Northern Virginia jurisdictions had been concerned that Metro could approve uses like food trucks in Metro parking lots, right next to an area where the local government had been trying to boost small businesses, or that it could create other situations in which a use on Metro property conflicted with what area residents want, or with a local government’s goals.
Arlington Metro Board member Christian Dorsey said a memorandum outlining how Metro staff will handle use applications promises that Metro will alert any impacted jurisdiction before a permit is approved, with notification every three months of any projects in the pipeline, to allow time for the local government to express any concerns.
“We weren’t asking for that much time, but that seems to be something that works for them,” Dorsey said after the meeting.
Some commercial or other uses of Metro property could still be approved more quickly than that in unique circumstances, he said. The notice requirement could also avoid situations where Metro approves a use only for a local government to block it.

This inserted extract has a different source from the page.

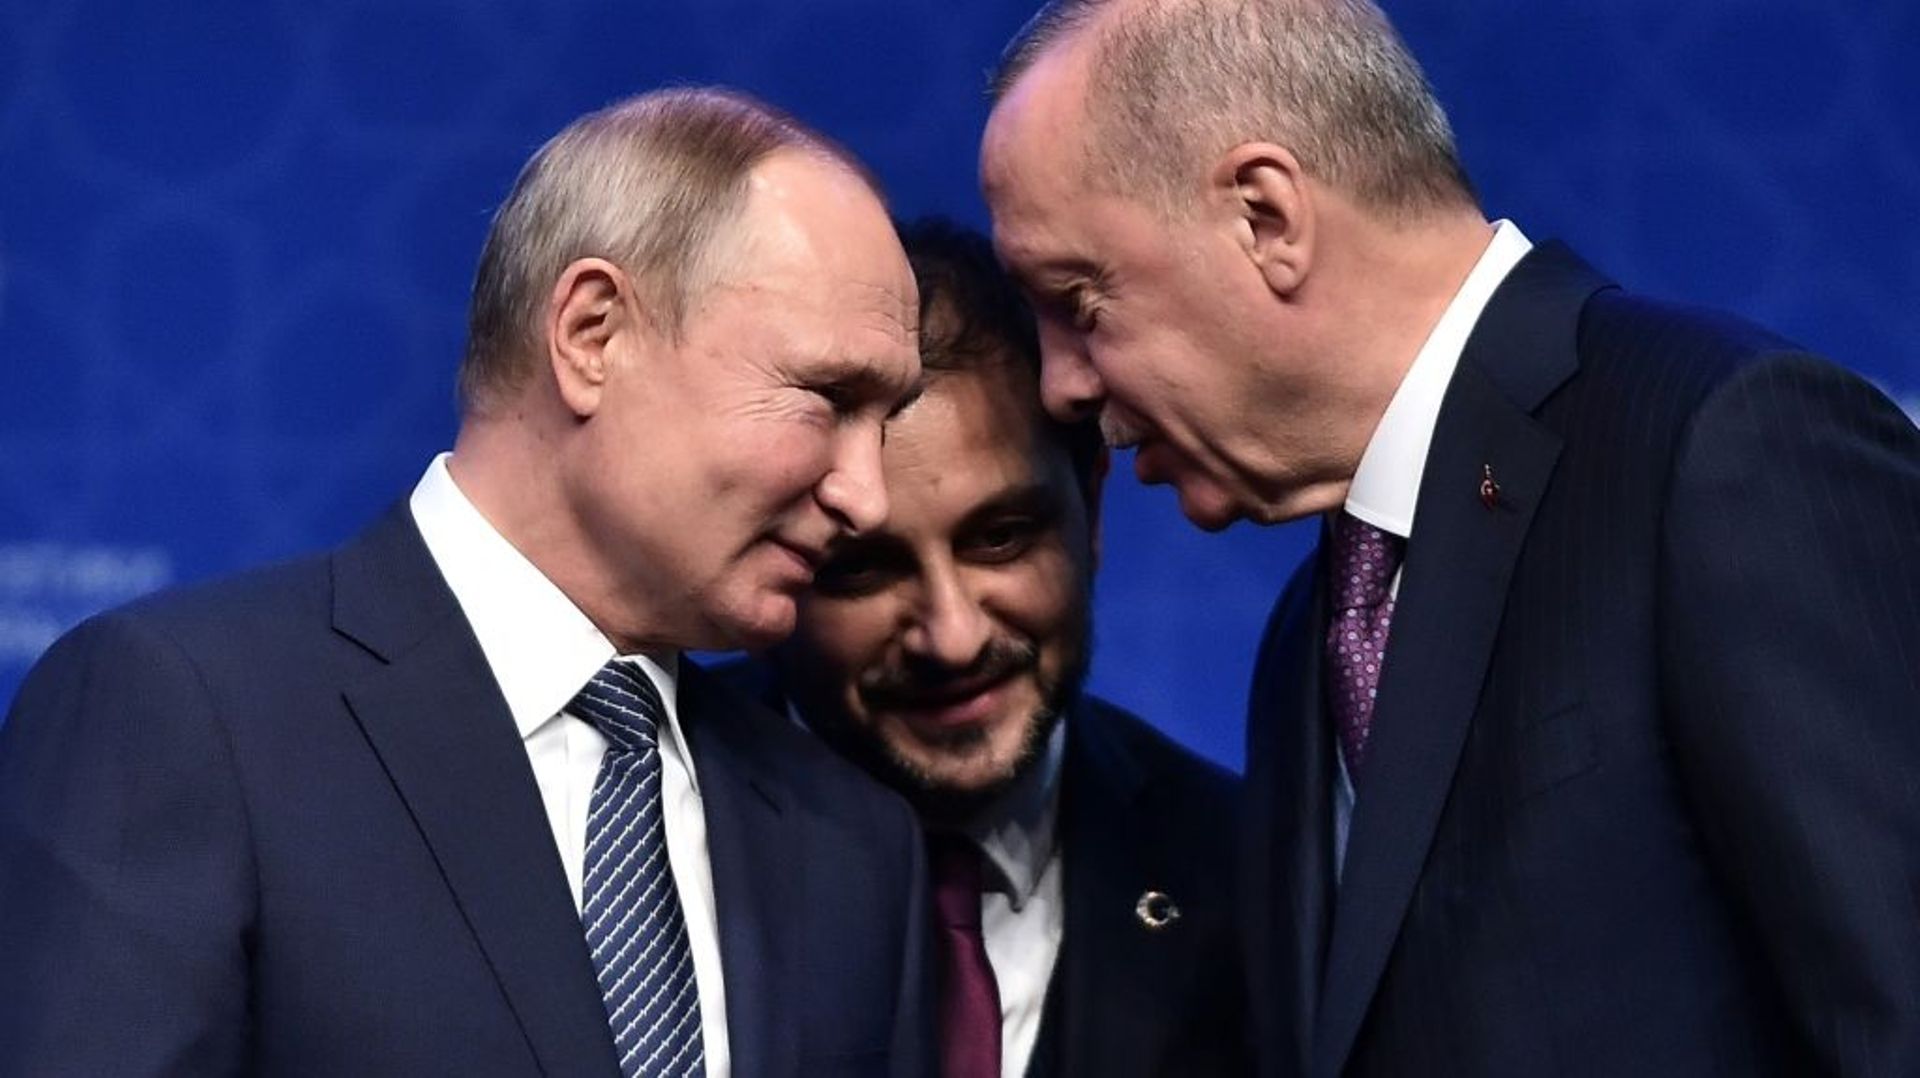 Le président turc Recep Tayyip Erdogan "est quelqu'un qui tient ses promesses", jugeait fin 2020 son homologue russe Vladimir Poutine
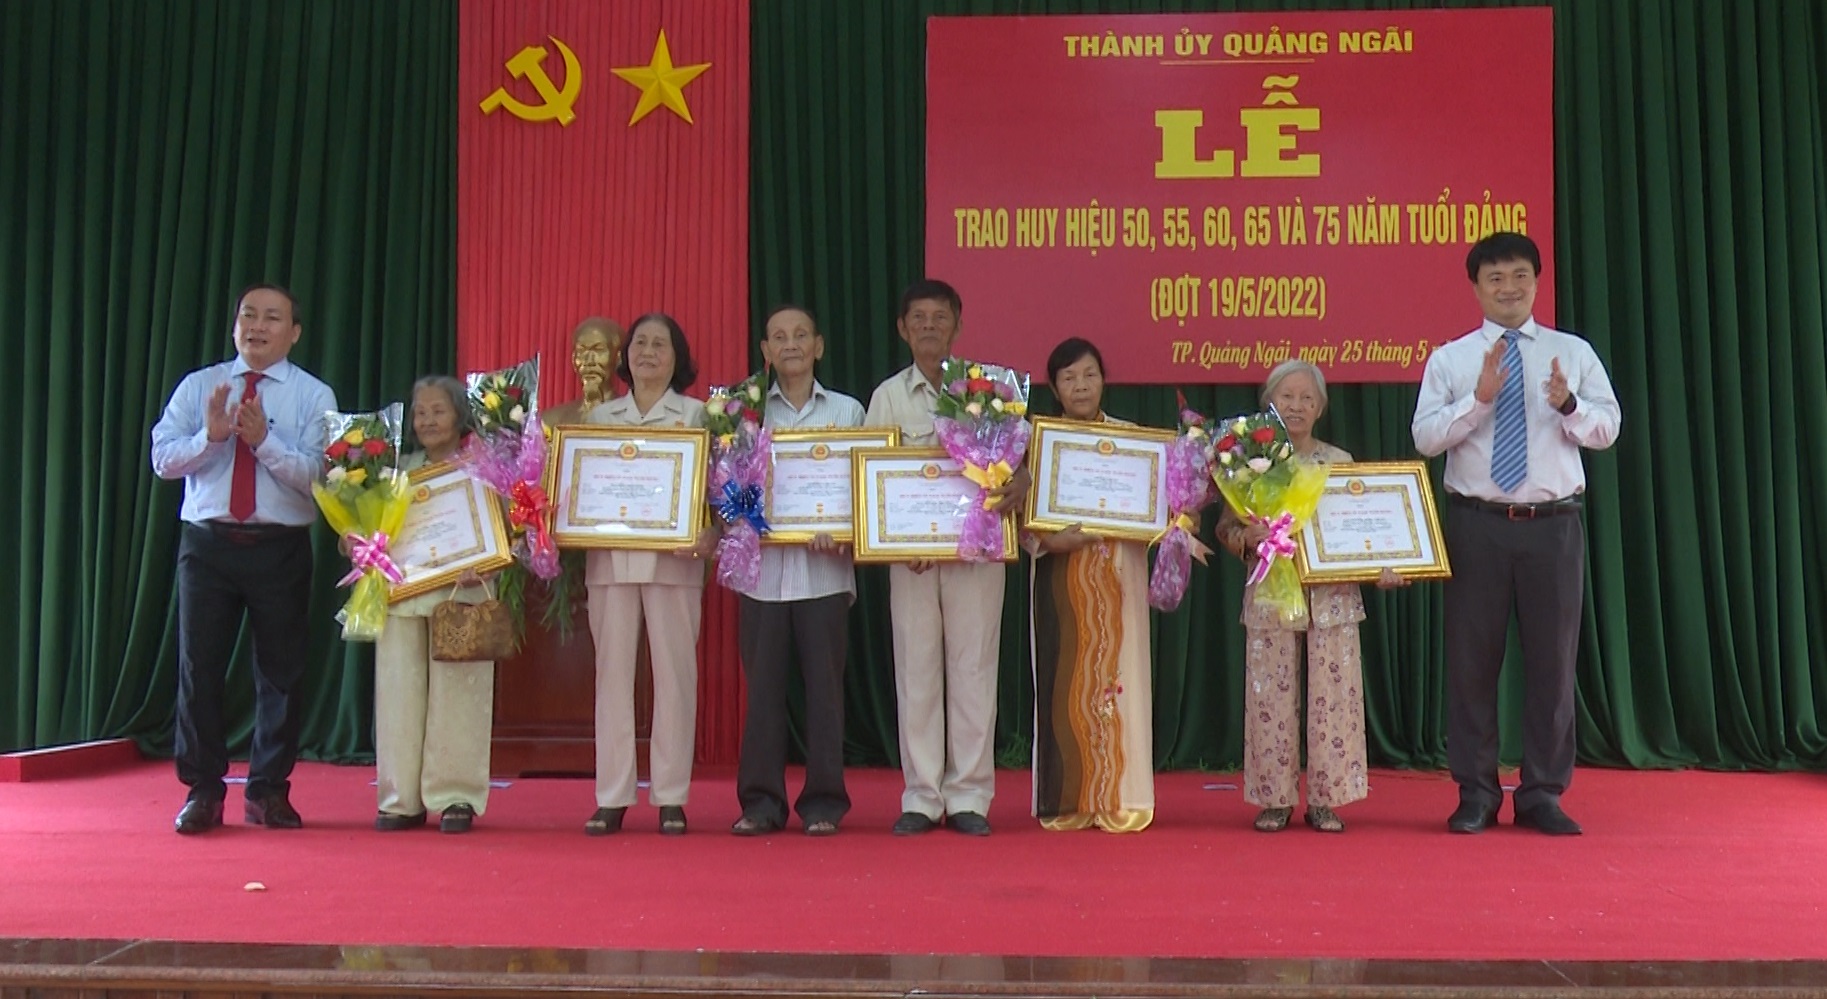 Thành ủy Quảng Ngãi tổ chức Lễ trao Huy hiệu Đảng cho đảng viên

“There will probably be times where Metro will say: ‘Look, this is all it is. Can we move forward with it?’ And those easy ones hopefully will happen, but then maybe the more-complex ones will go through that process,” Dorsey said.
The promise of advance notice addressed some of Dorsey’s concerns, and he joined the board to vote unanimously in favor of the new use regulations.
Eating and drinking in the Metro system will remain against the law.
Metro Board Chairman Jack Evans is hopeful Metro could make money from permit fees, leases or a share of revenue from vending machines, food sales or other new commercial uses of Metro facilities, but he had no estimate of what the change could mean for Metro’s budget.
“I think it’s a great idea. They do it in transit systems all across the country and the world,” Evans said.
“Metro needs to really be dragged into the 21st or 22nd century — wherever we are — as far as advertising, as far as selling things, as far as a system that’s much more lively like the systems I’ve visited all across the world, so I hope we’re gradually getting there,” Evans said.